The image example above pairs with this one. A workflow can take any file as input — a CSV, a spreadsheet, a PDF, a JSON dump — through a file parameter on the Input node. The run dialog turns it into a file picker (one file, any type), uploads what you choose, and sets the parameter’s value to the uploaded file’s URL.

The convenient part for code: when a run has an image or file parameter, Catalyst also stages the uploaded file onto disk in the Python sandbox at ./inputs/<param-name>.<ext>, where the extension follows the upload (so glob it rather than hardcoding it) — the same read-only ./inputs/ folder that holds attached files. So a Python node reads it straight off disk, no download. Here’s a tiny Input → Python (pandas) → Output workflow that takes a sales CSV and summarises it.

  1. Add an Input node with a file parameter. Drag Input on, open Properties, add a parameter named sales, and set its type to file.

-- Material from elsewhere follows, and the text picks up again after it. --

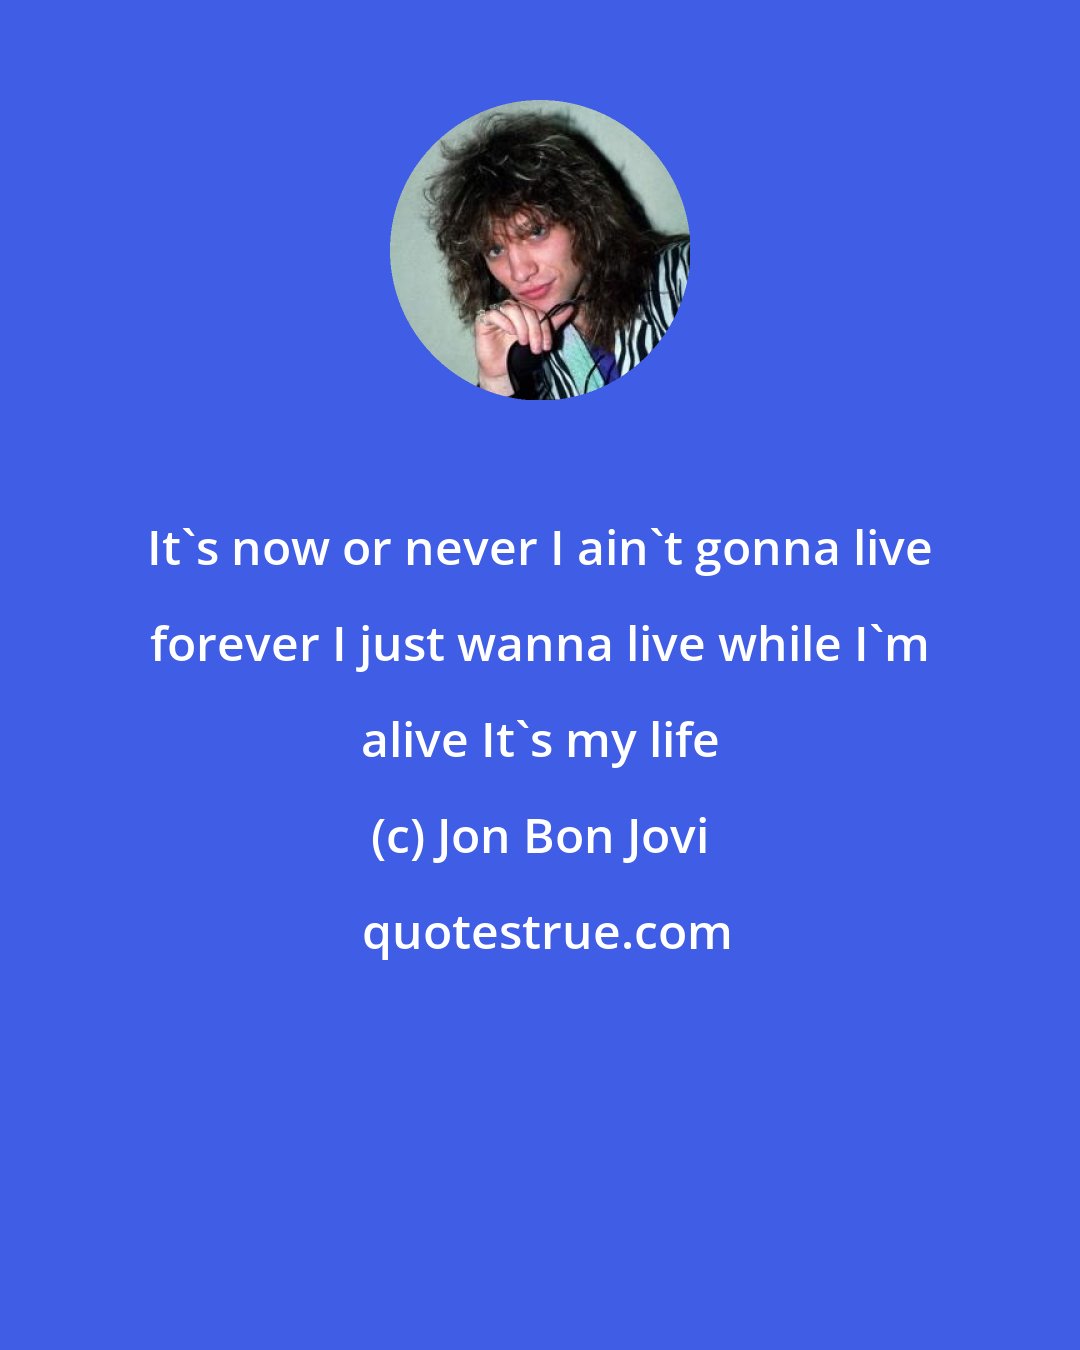 Jon Bon Jovi: It's now or never I ain't gonna live forever I just wanna live while I'm alive It's my life

  2. Read it in Python. Because the param is named sales, it’s staged at ./inputs/sales.<ext> — the extension follows whatever you upload, so glob it rather than hardcoding .csv. Drag a Python node on and read it directly:

    import glob
    import pandas as pd
    # A `file` (or `image`) input parameter is staged read-only at ./inputs/<name>.<ext>.
    # The extension follows the upload, so glob it instead of hardcoding it.
    path = glob.glob("./inputs/sales.*")[0]
    df = pd.read_csv(path)
    result = {
    "rows": len(df),
    "columns": list(df.columns),
    "total_revenue": int(df["revenue"].sum()),
    }

    No upstream {{ }} reference is needed to reach the file — the parameter name is the filename stem. (You can still read the URL as {{ input.parameters.sales }} if another node or tool needs it.)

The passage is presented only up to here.